-- What the task asks --
Copy task, pictures excluded: set down exactly the lines from the one containing "WindsurferAir" to the end of the data below.

***** Data shown *****

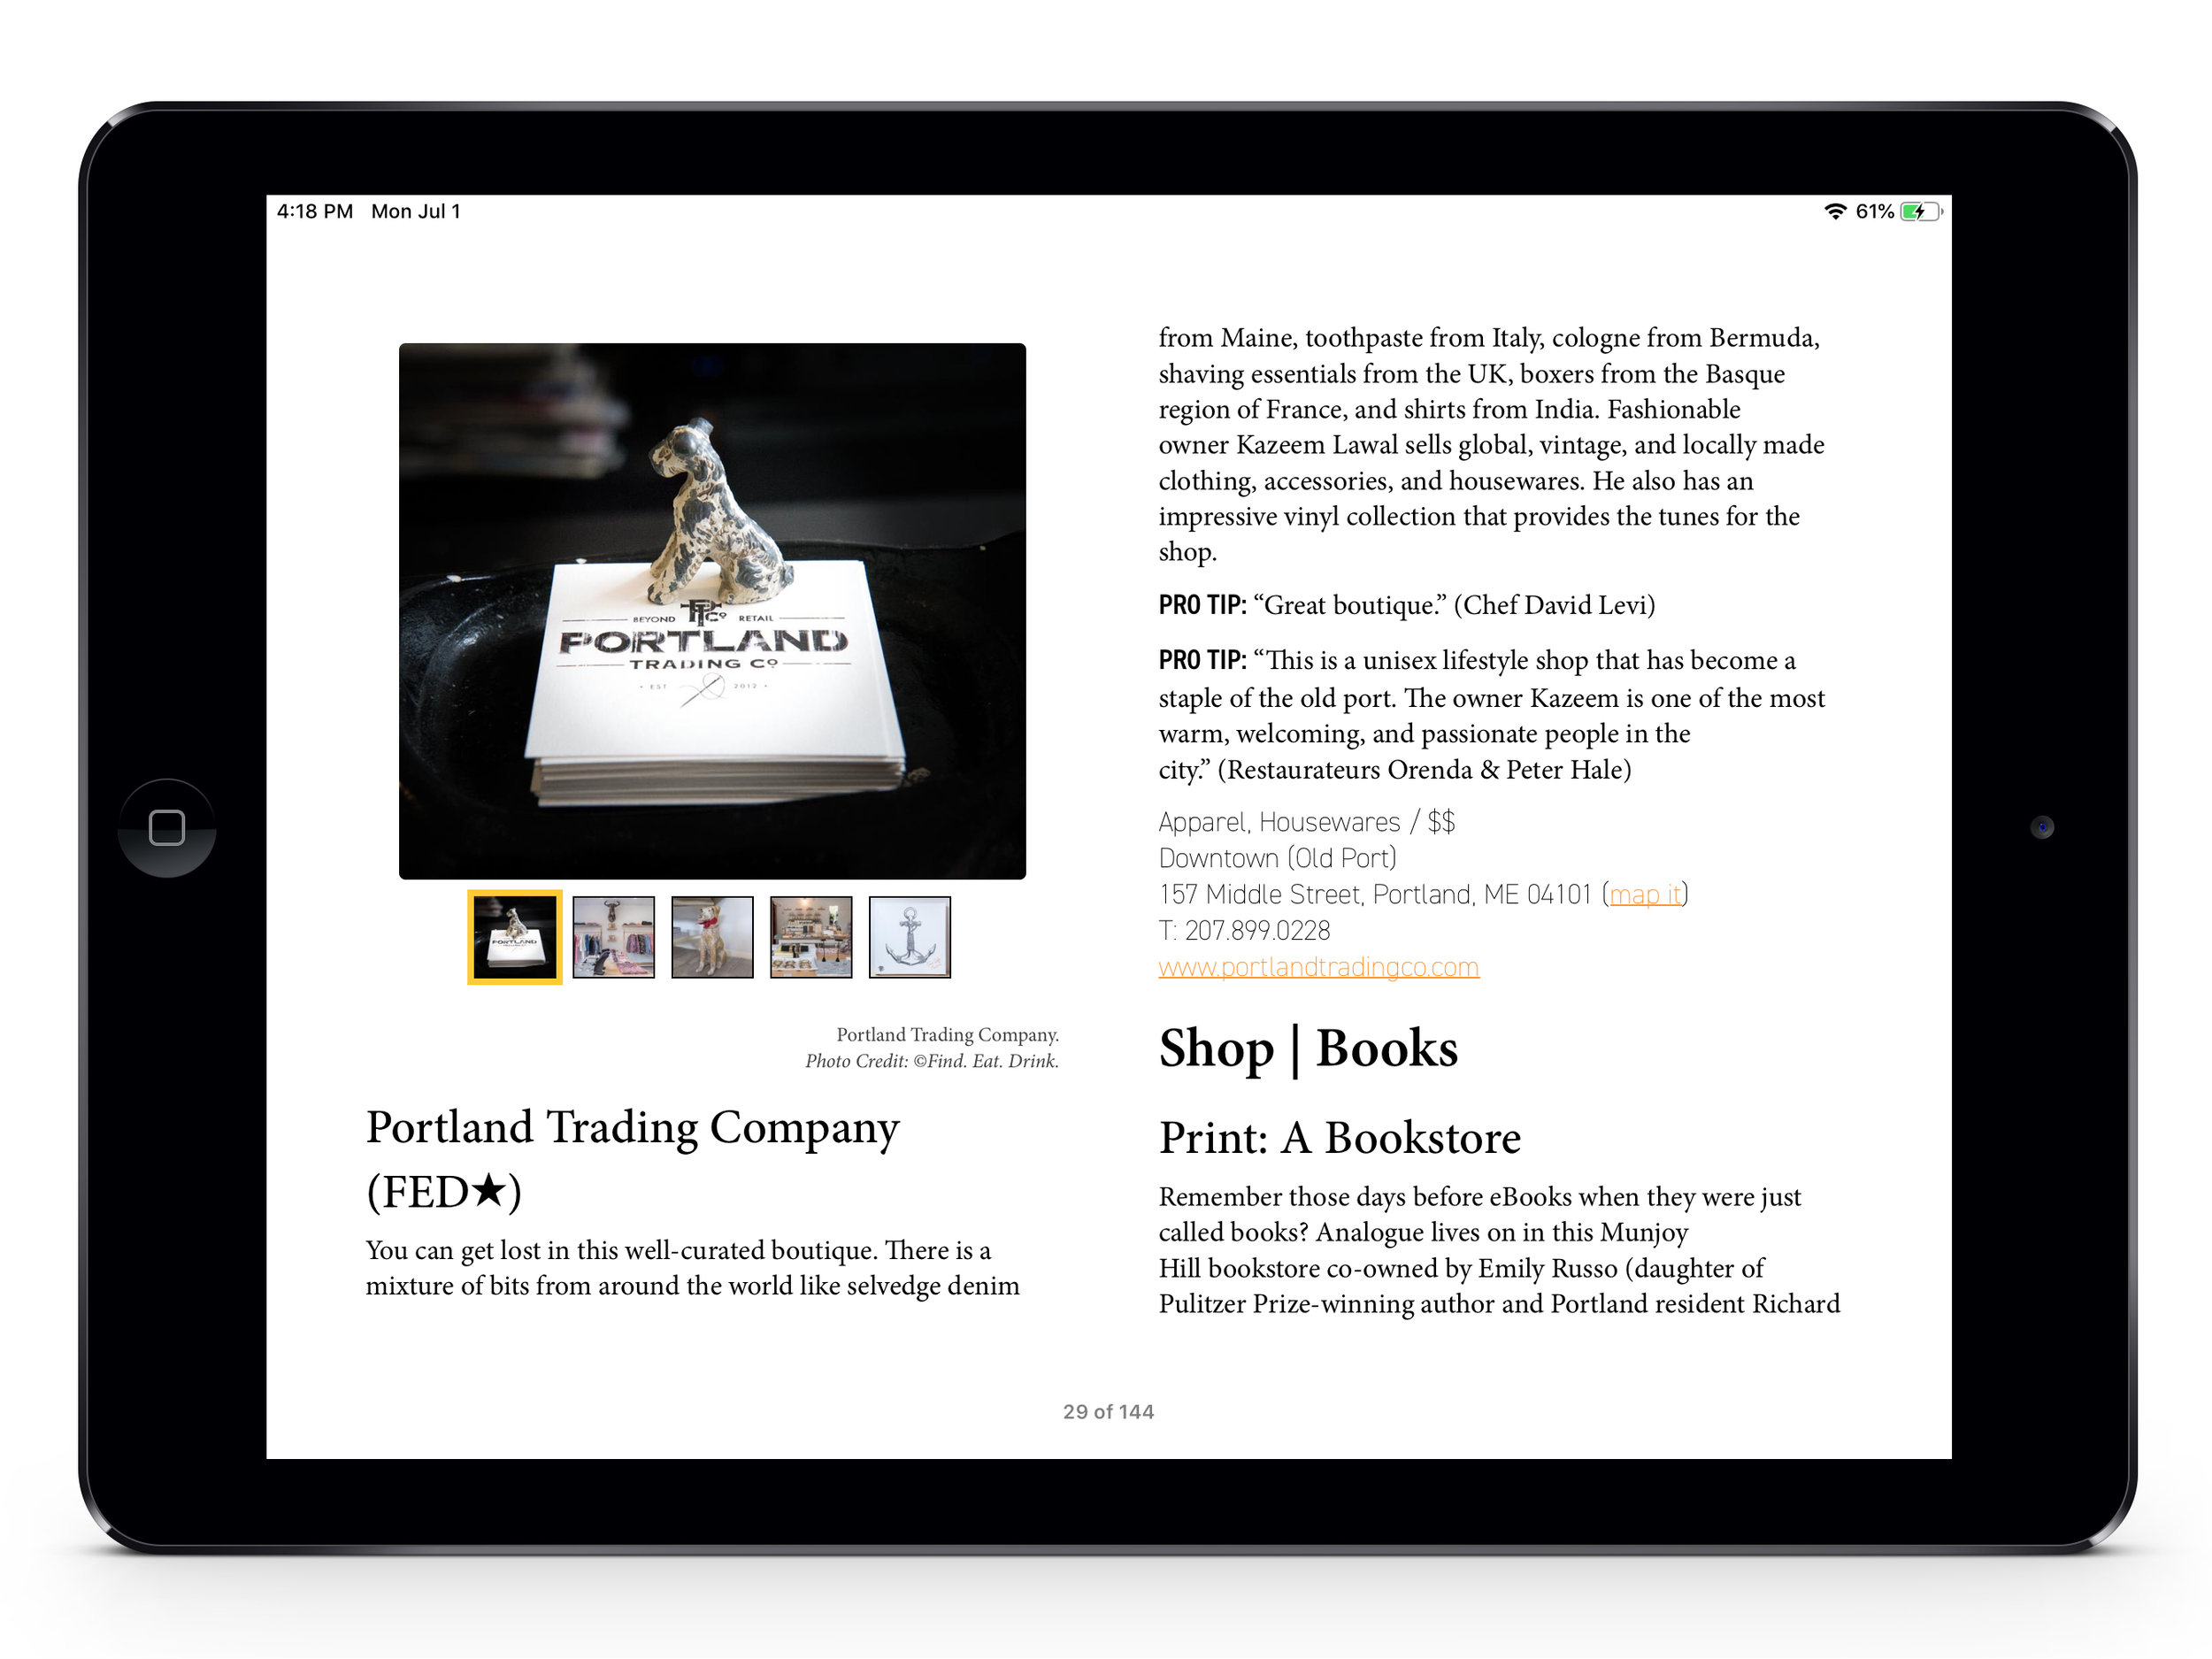 iPadAir_PortlandME_Screenshots_Landscape_1.7.jpg
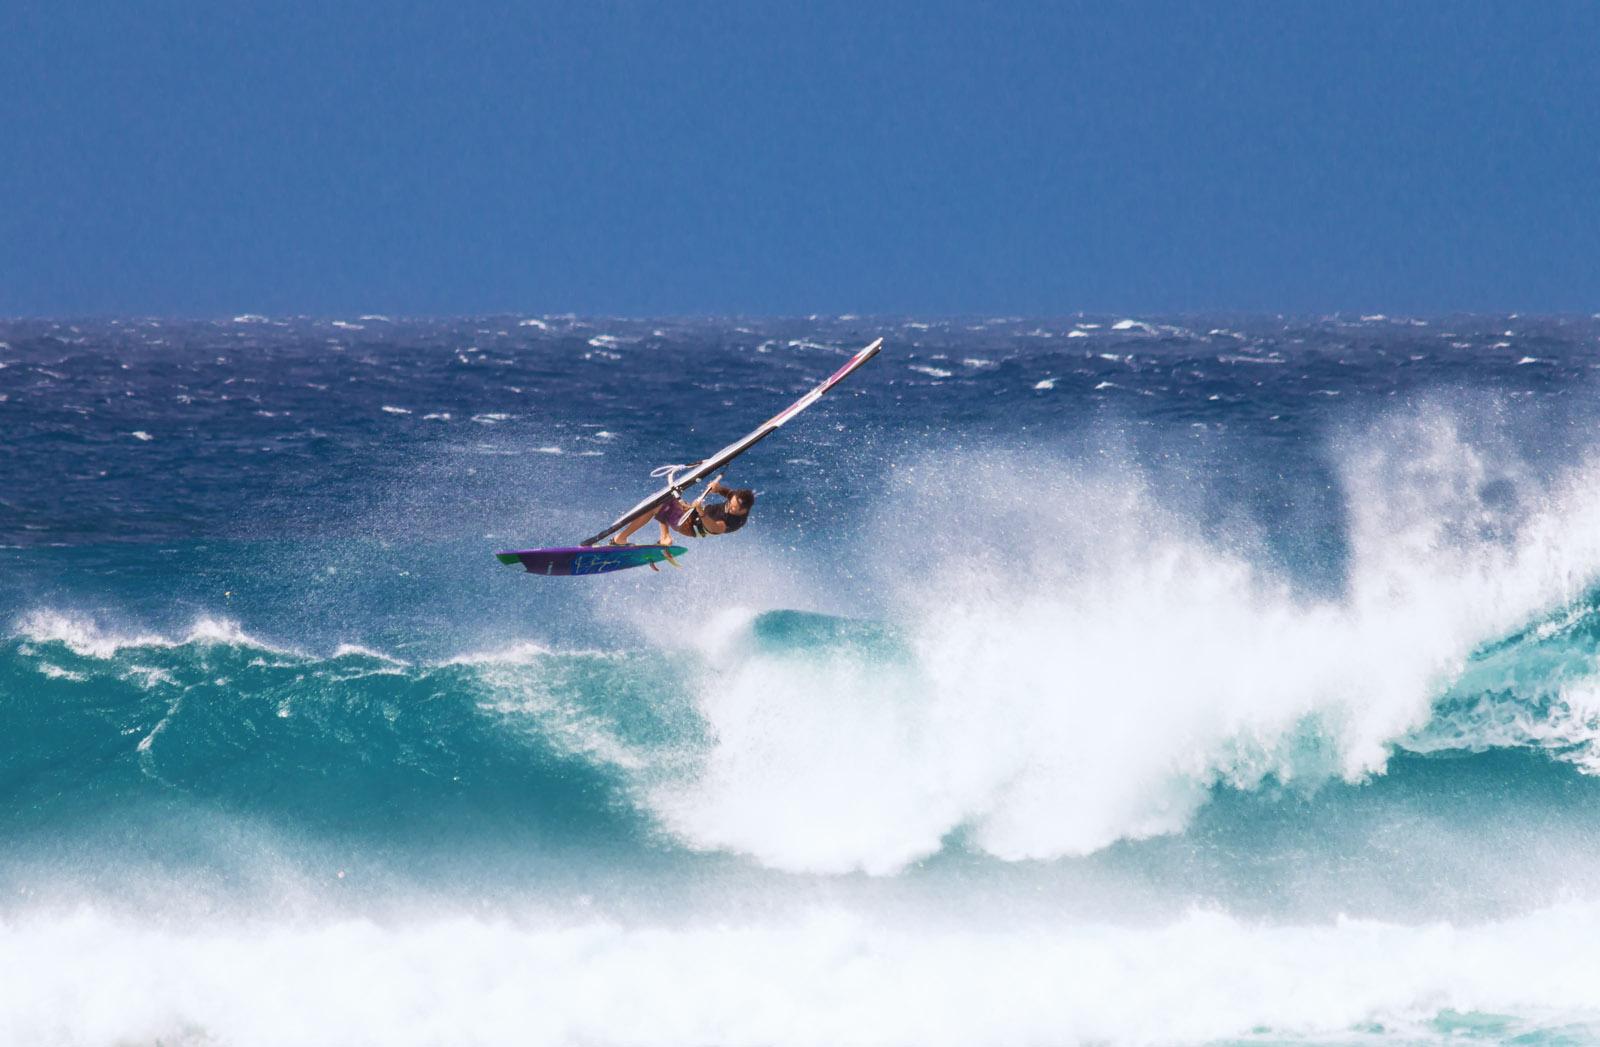 WindsurferAir
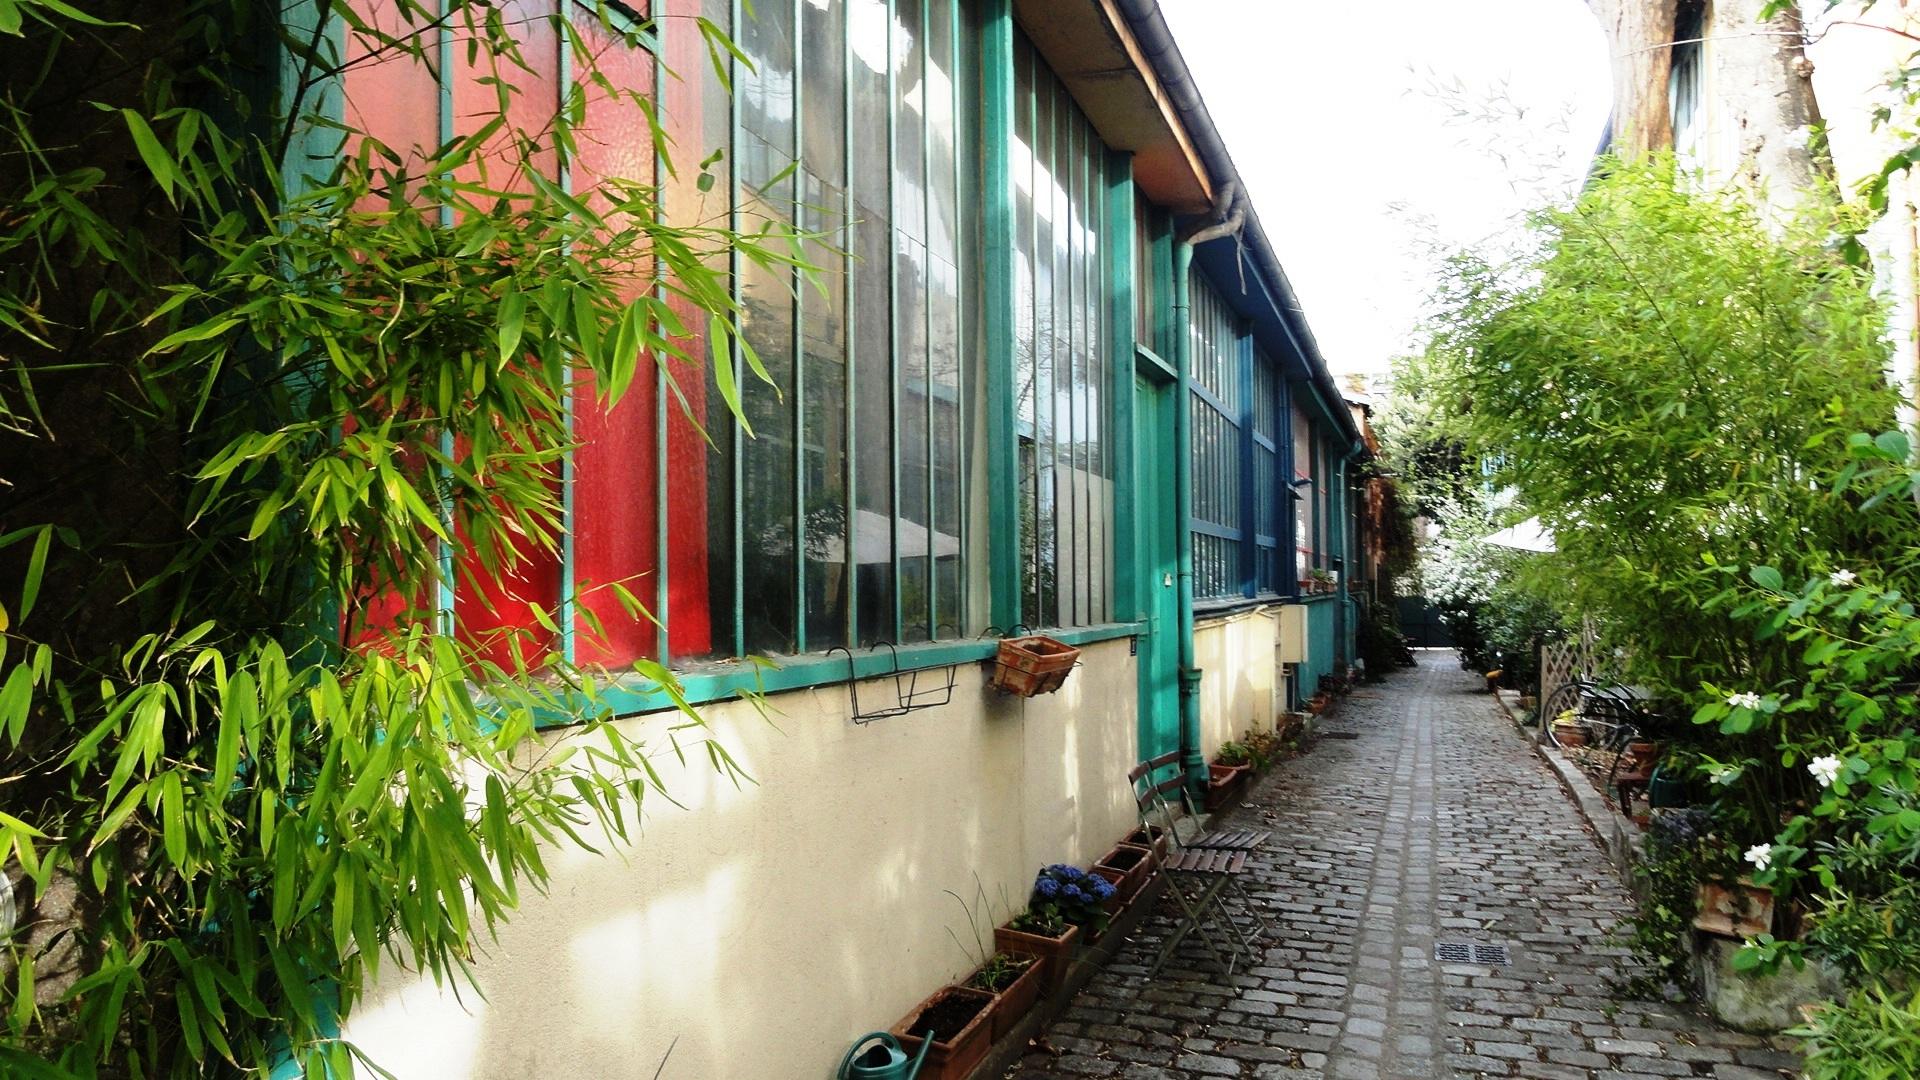 hd wallpapers maison du monde 13e
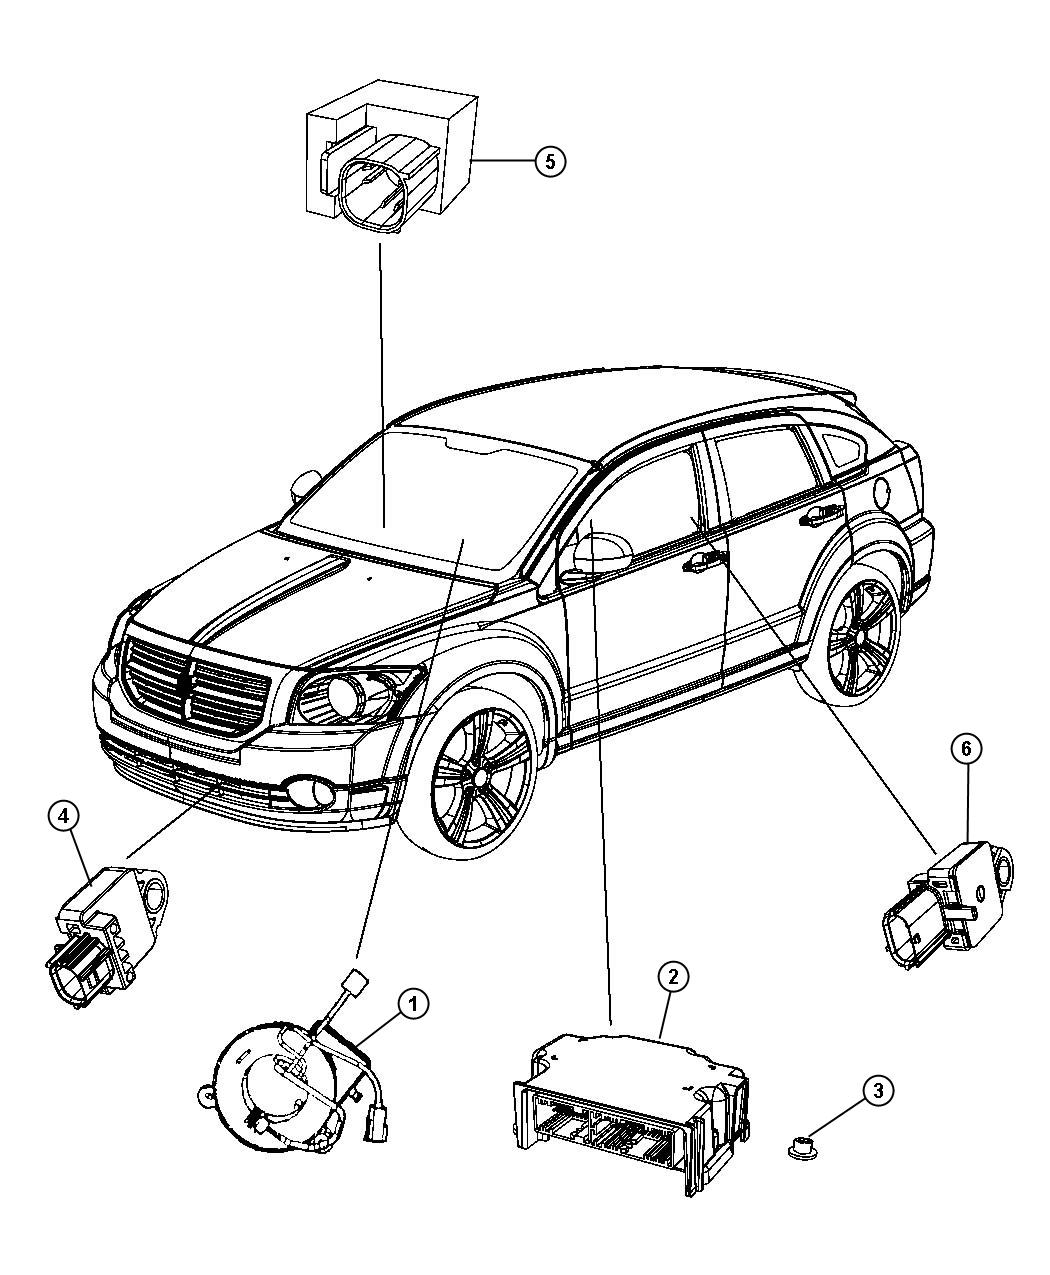 Service manual [Replace 2009 Pontiac Solstice Air Bag

*****

-- Answer for this exercise --
 WindsurferAir
 hd wallpapers maison du monde 13e
 Service manual [Replace 2009 Pontiac Solstice Air Bag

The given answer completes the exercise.